Military history is littered with of stories of major powers, confident of victory, venturing into the territory of mountain people—only to be ejected


Why Are People Who Live in Mountainous Regions Almost Impossible to Conquer?


by T.X. Hammes

There is no clear-cut, academic definition of mountain people. Given their historical ability to drive away invaders, maybe they deserve closer study.

On August 21, 2018, General John Nicholson passed command of NATO’s Afghanistan mission to Lieutenant General Scott Miller. In his final press conference, Nicholson stated the strategy is working and just needs more time. He was the seventeenth commander of Afghanistan and his parting statement sounds very much like the previous sixteen. Given some of the most successful military leaders of this generation have command there, why does Afghanistan still remain unstable?

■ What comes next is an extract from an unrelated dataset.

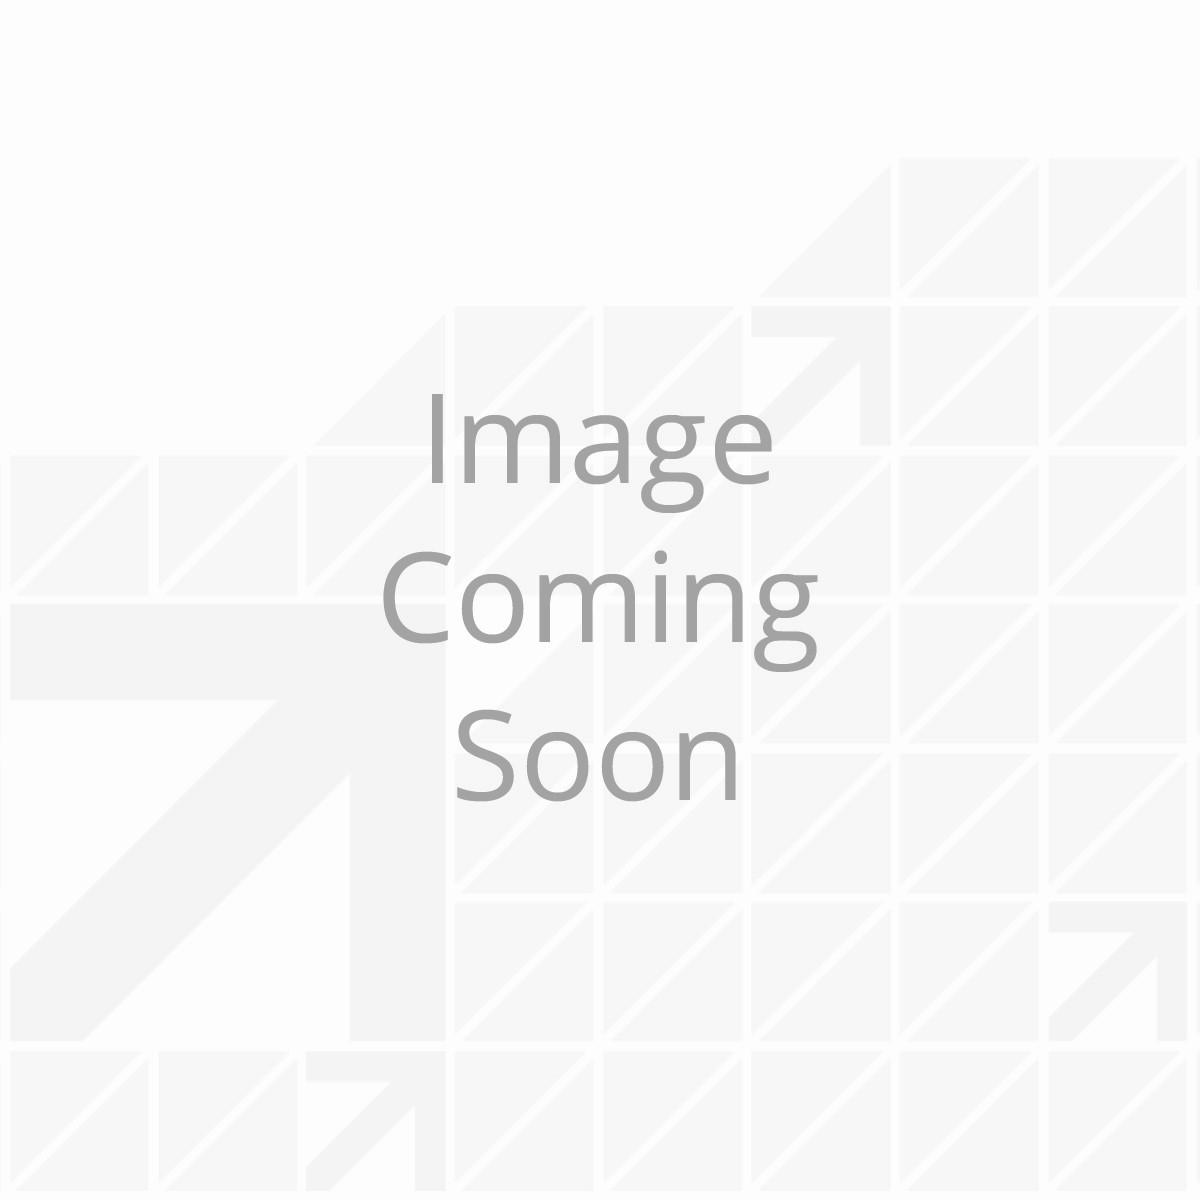 2 Room Manifold & Valves (w/o Plate)
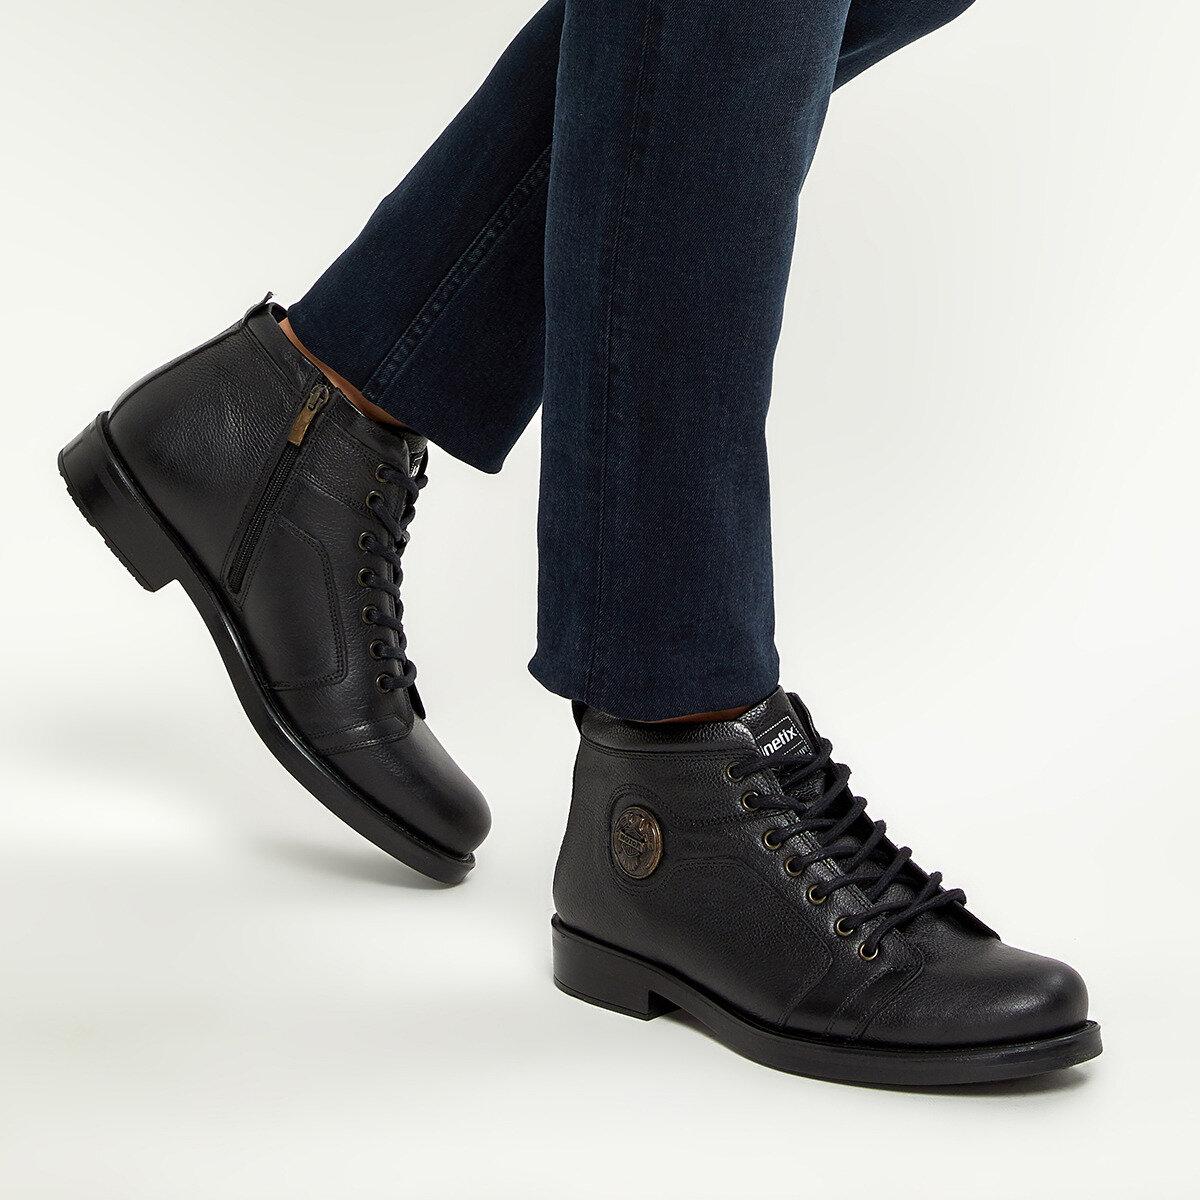 FLO KOMPAN Black Men Boots KINETIX

Clearly, Afghanistan has a very along history of ejecting foreign forces. On January 13, 1842, Assistant Surgeon William Brydon, bloodstained and exhausted , reached the British Fort at Jalalabad. When asked where the rest of the army was, he managed to reply “I am the Army.” Thus the British learned their 20,000-man army in Afghanistan had been wiped out. Though it is perhaps the most famous example of a Western army being defeated by a mountain people, it is certainly not the only one.

From Alexander’s three year campaign (329 to 327 BC) to control Bactria (what is now Afghanistan) to the present, military history is littered with of stories of major powers, confident of victory, venturing into the territory of mountain people—only to be ejected.